With comics appearing in The New Yorker and other publications, artist Amy Kurzweil shares her debut book Flying Couch: A Graphic Memoir. Flying Couch tells the stories of three unforgettable women. Amy weaves her own coming-of-age as a young Jewish artist into the narrative of her mother, a psychologist, and Bubbe, her grandmother, a World War II survivor who escaped from the Warsaw Ghetto by disguising herself as a gentile. Captivated by Bubbe's story, Amy turns to her sketchbooks, teaching herself to draw as a way to cope with what she discovers. Entwining the voices and histories of these three wise, hilarious, and very different women, Amy creates a portrait not only of what it means to be part of a family, but also of how each generation bears the imprint of the past.

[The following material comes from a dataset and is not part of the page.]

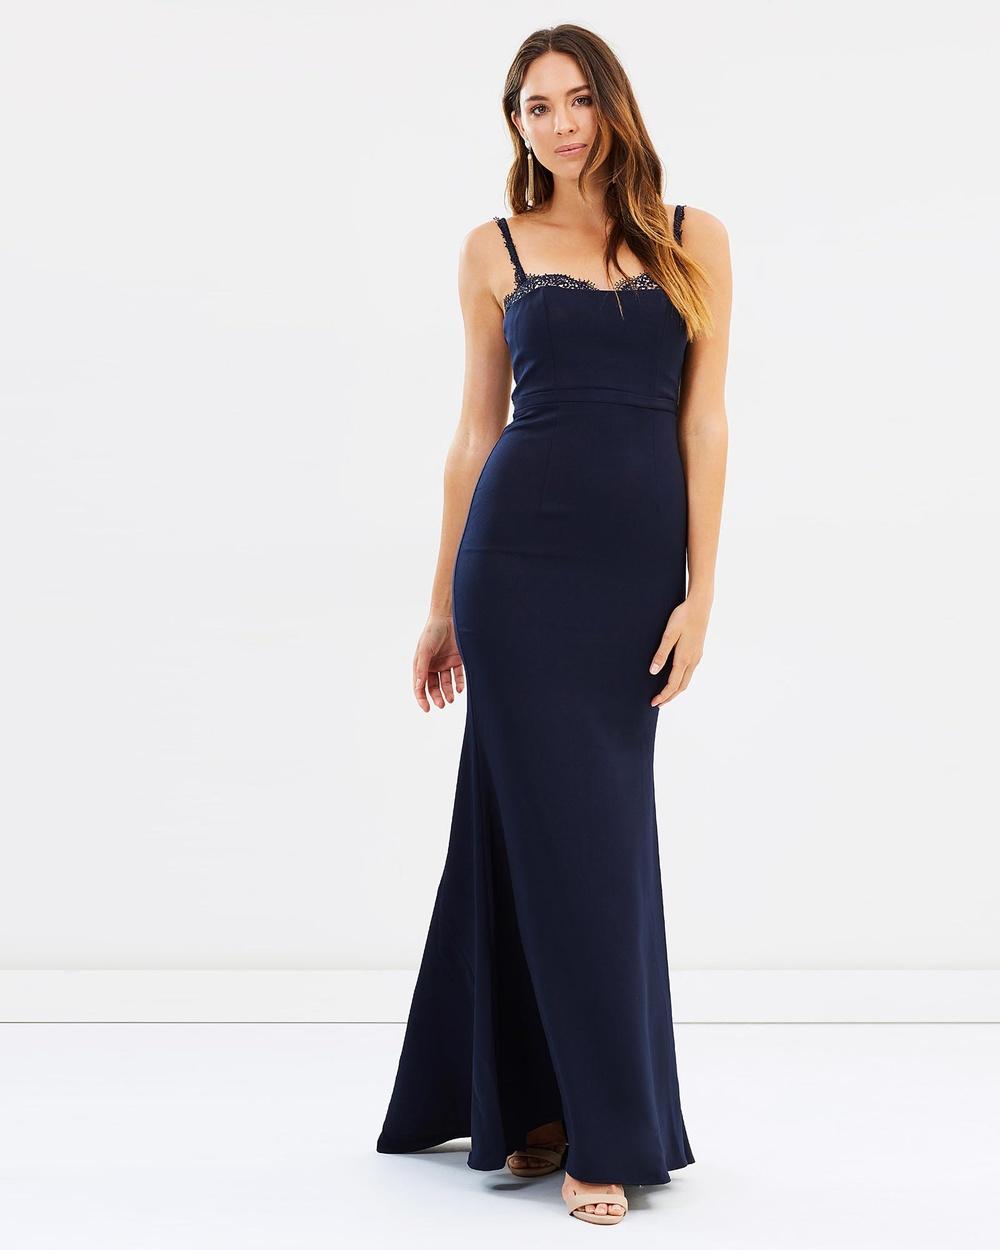 Love Honor Dena Gown Bridesmaid Dresses Navy Dena Gown

A retelling of the inherited Holocaust narrative now two generations removed, Flying Couch uses Bubbe's real testimony to investigate the legacy of trauma, the magic of family stories, and the meaning of home. With her playful, idiosyncratic sensibility, Amy traces the way our memories and our families shape who we become. The result is this bold illustrated memoir, both an original coming-of-age story and an important entry into the literature of the Holocaust.

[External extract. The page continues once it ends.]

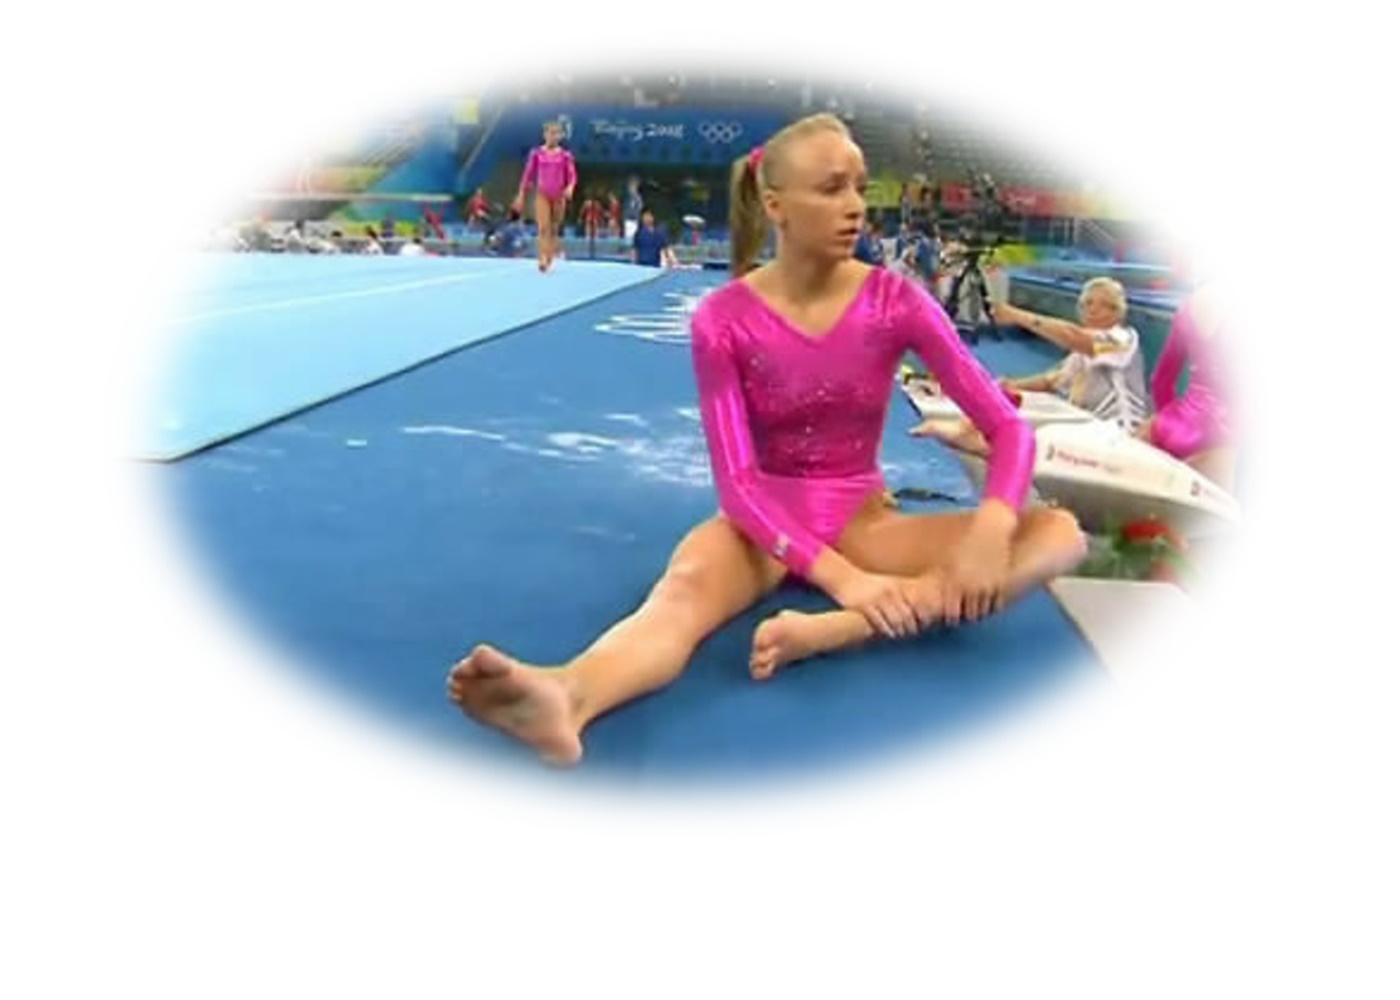 Gymnastics and More!: Januar 2012 Nastia Liukin Gymnastics Wallpaper

Amy will be in conversation with Malena Watrous, the author of If You Follow Me, published by Harper Perennial in 2011, and a young adult novel that she cowrote with Helena Echlin, Sparked, which they are currently funding for publication through Inkshares, and is available for preorder here: www.sparkedbook.com. She helps to run Stanford's Online Writer's Studio, and had the pleasure and privilege of teaching Amy Kurzweil in one of her first fiction writing classes, when Amy was an undergraduate.